I'm not the first to notice that blaming everything on genetics has become a fad in the medical field. About ten years ago in his Rare Earths, Forbidden Cures book, Dr. Joel Wallach made the assertion that genetic explanations of numerous diseases were just another fad. Genetic models of disease are encouraged by research grant funding sources, often companies that stand to profit from experimental "gene therapy" treatments.

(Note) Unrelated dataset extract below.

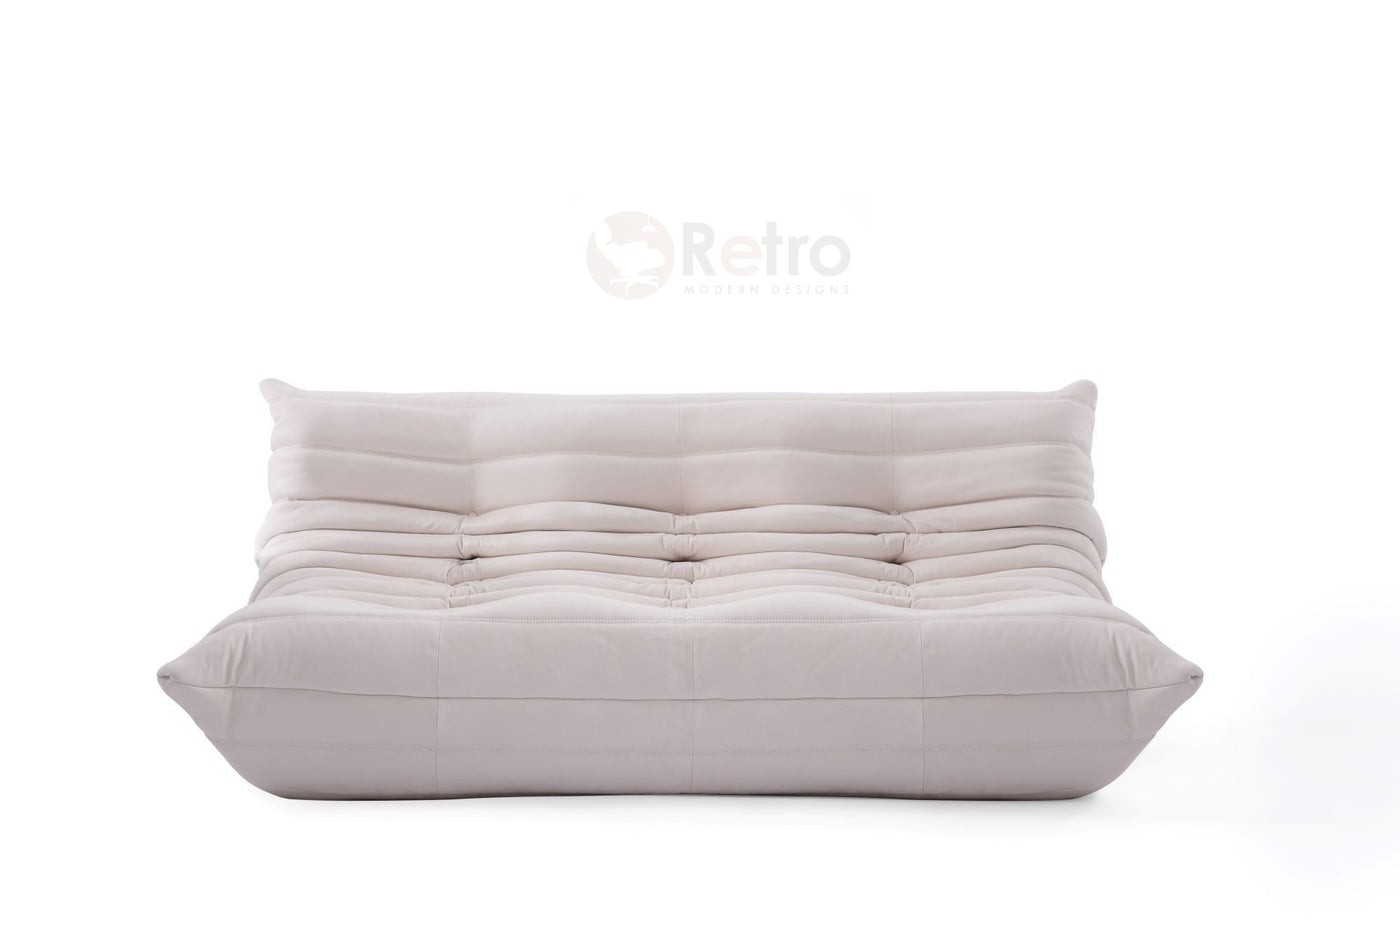 Russo Sofa in a Micro suede

Wallach is a colorful character. If you search the internet for him, you'll find two photos of the man used over and over, one in a cowboy hat and American flag shirt, the other in combat fatigues driving a Humvee. Well, my favorite photo of Wallach isn't a flaky guy on an internet site -- it's found in his Rare Earths, Forbidden Cures book: Wallach in his younger days, wearing a white lab coat, holding an infant monkey with cystic fibrosis. Wallach was the first research scientist to discover cystic fibrosis (CF) in monkeys. He also discovered what caused cystic fibrosis shortly thereafter -- a prenatal selenium deficiency in the mother. Until then (and even now, among traditional doctors), cystic fibrosis was promoted as a "genetic" disease. So Wallach reported these landmark findings to his bosses at the National Institutes of Health, and was promptly fired the next day. Why? Well, isn't it obvious? There goes their cystic fibrosis research money! Who's going to give all those high-priced scientists cushy jobs for their entire lives if the problem has been SOLVED?? And solved with inexpensive vitamins and minerals for a woman during pregnancy, no less!
In 1978, I (Wallach) discovered the first agreed upon CF [cystic fibrosis] in nonhumans; the test animals were NASA monkeys; the diagnosis was agreed to by experts from Johns Hopkins Medical School, Emory University and the CF Foundation!!!! Once they realized that this wasn't a genetic accident but CF was a recreatable selenium deficiency, they fired me within 24 hours' notice, 10 days after my wife had died. Dr. Paul de St. Agnese stated that "if anything important was to be discovered on CF, it would be in his NIH laboratory." Since 1978, we have treated 450 CF patients with excellent results; we have essentially cured infants three months old who started on the program (they are 12 years old today) and have helped CF women have healthy pregnancies and normal babies!
[Wallach goes on to cite additional evidence that cystic fibrosis is caused by a selenium deficiency and throughout his books reveals methods for treating CF patients.] - Joel Wallach, DVM, ND, and Ma Lan, MD, MS, Let's Play Doctor!, p. 77.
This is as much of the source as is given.